> [WHAT IS REQUIRED]:
Look through the entries below for the line with "sunset on lake" and the line with "KAOPU ZA set", then give again exactly those two lines and all lines between them, minus the pictures.

*** Opening of DATASET ENTRIES ***

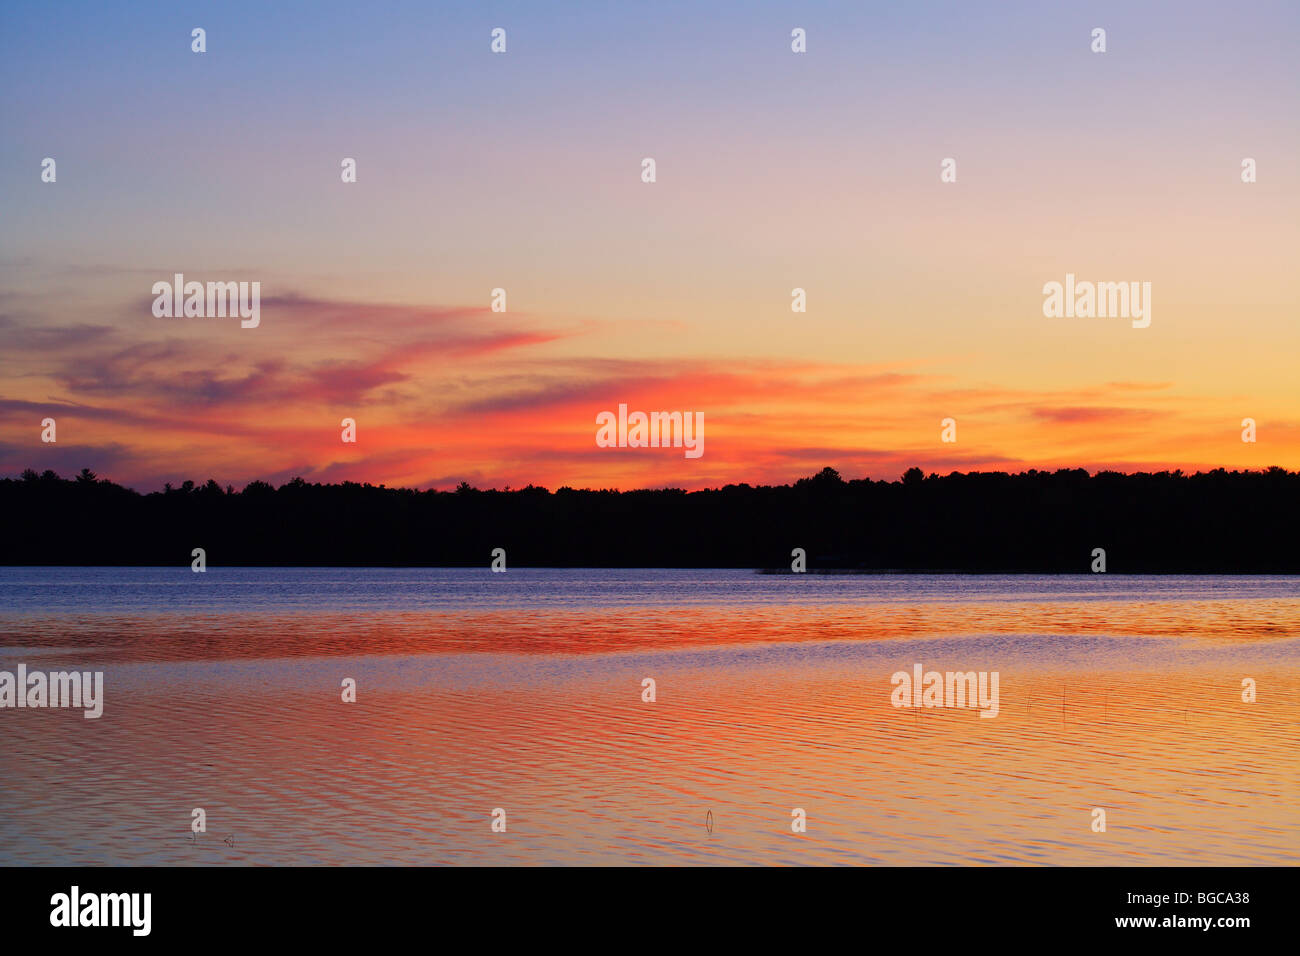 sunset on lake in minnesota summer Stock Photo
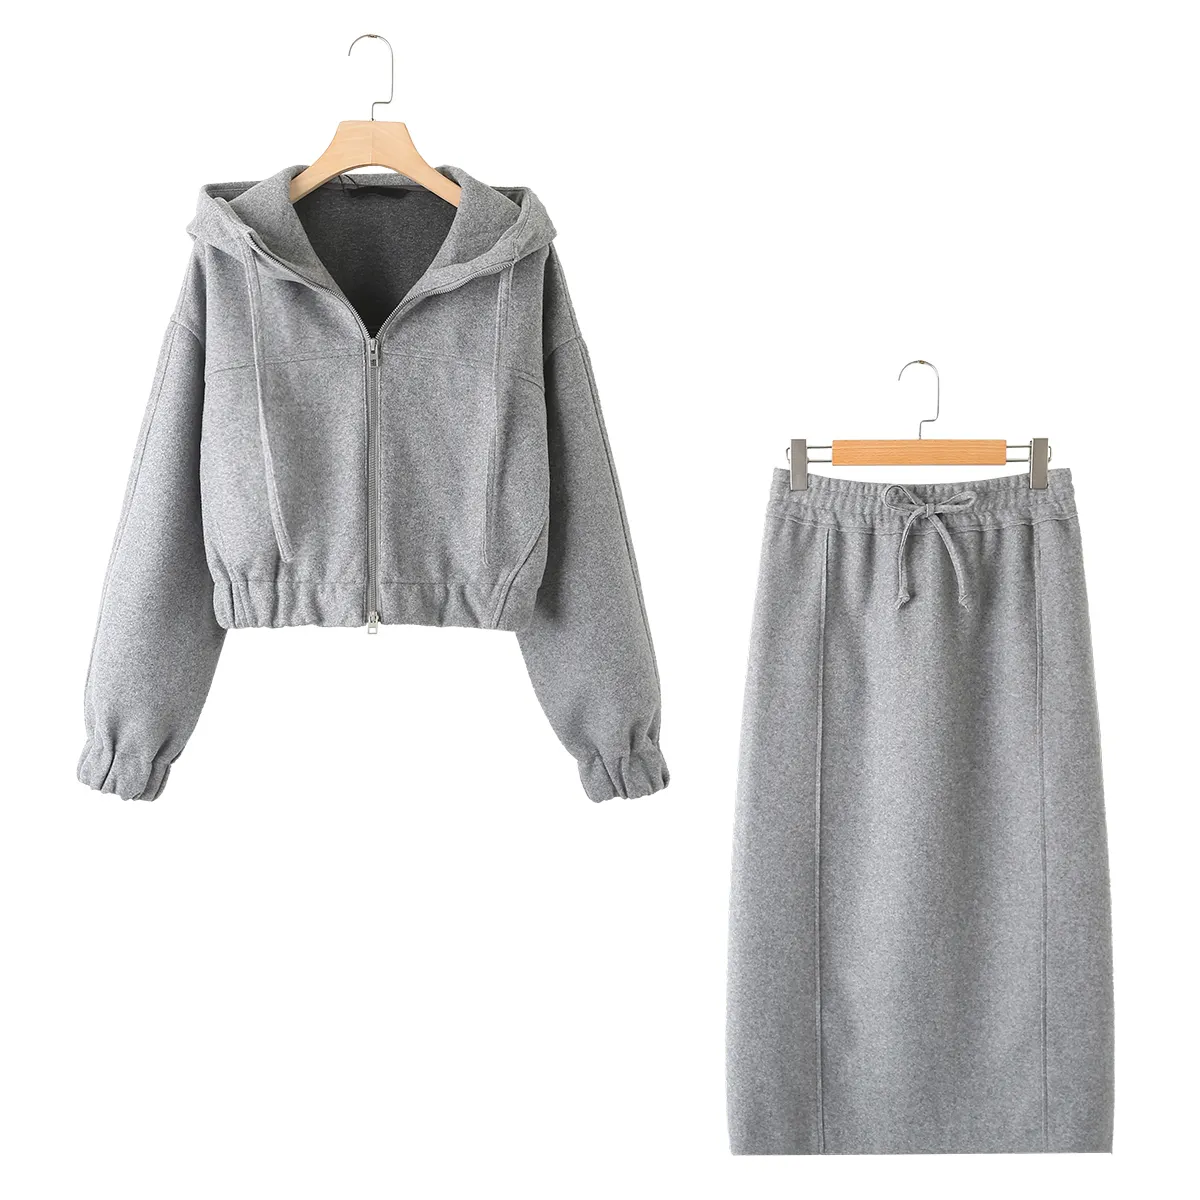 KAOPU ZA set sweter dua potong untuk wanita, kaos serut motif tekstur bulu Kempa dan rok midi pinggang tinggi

*** Close of DATASET ENTRIES ***
*** Opening of DATASET ENTRIES ***

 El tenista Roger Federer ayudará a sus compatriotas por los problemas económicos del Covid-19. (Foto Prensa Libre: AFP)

*** Close of DATASET ENTRIES ***
*** Opening of DATASET ENTRIES ***

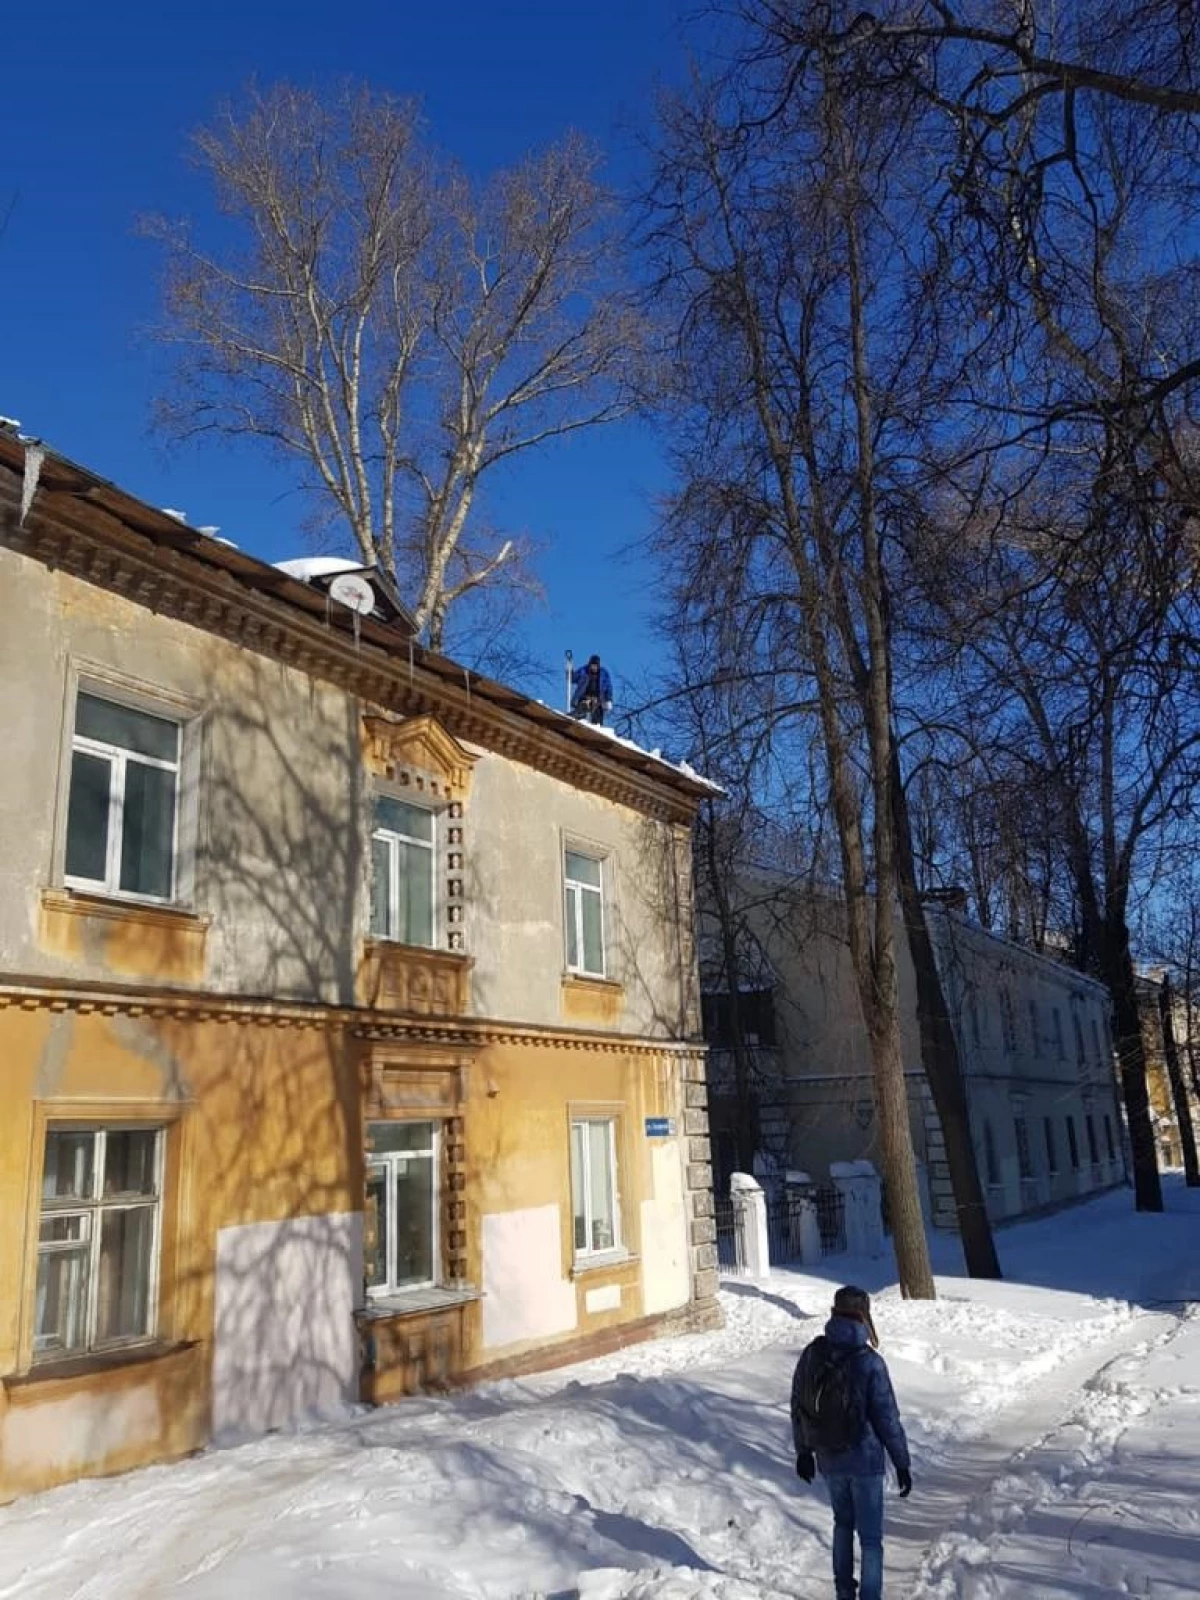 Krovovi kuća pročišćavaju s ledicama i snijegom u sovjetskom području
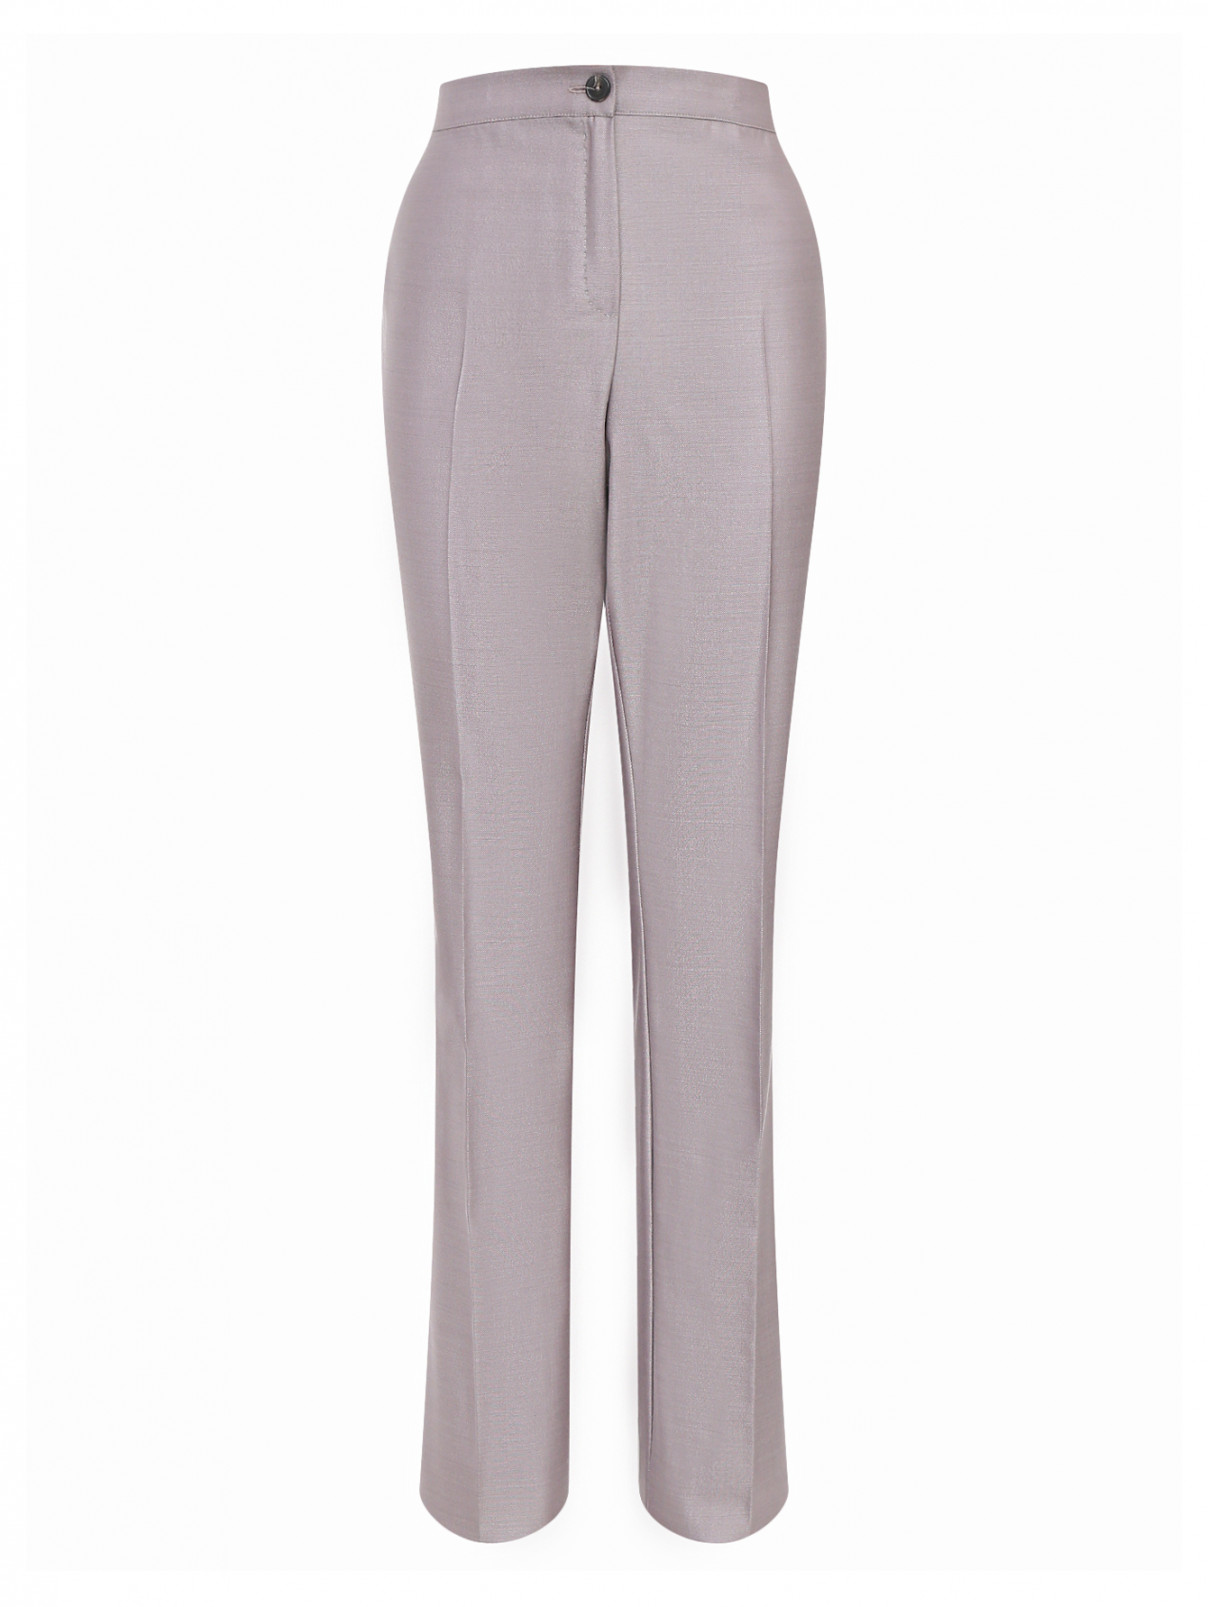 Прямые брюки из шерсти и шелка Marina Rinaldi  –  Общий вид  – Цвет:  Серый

*** Close of DATASET ENTRIES ***

> [ANSWER TO THIS TASK]:
 sunset on lake in minnesota summer Stock Photo
 KAOPU ZA set sweter dua potong untuk wanita, kaos serut motif tekstur bulu Kempa dan rok midi pinggang tinggi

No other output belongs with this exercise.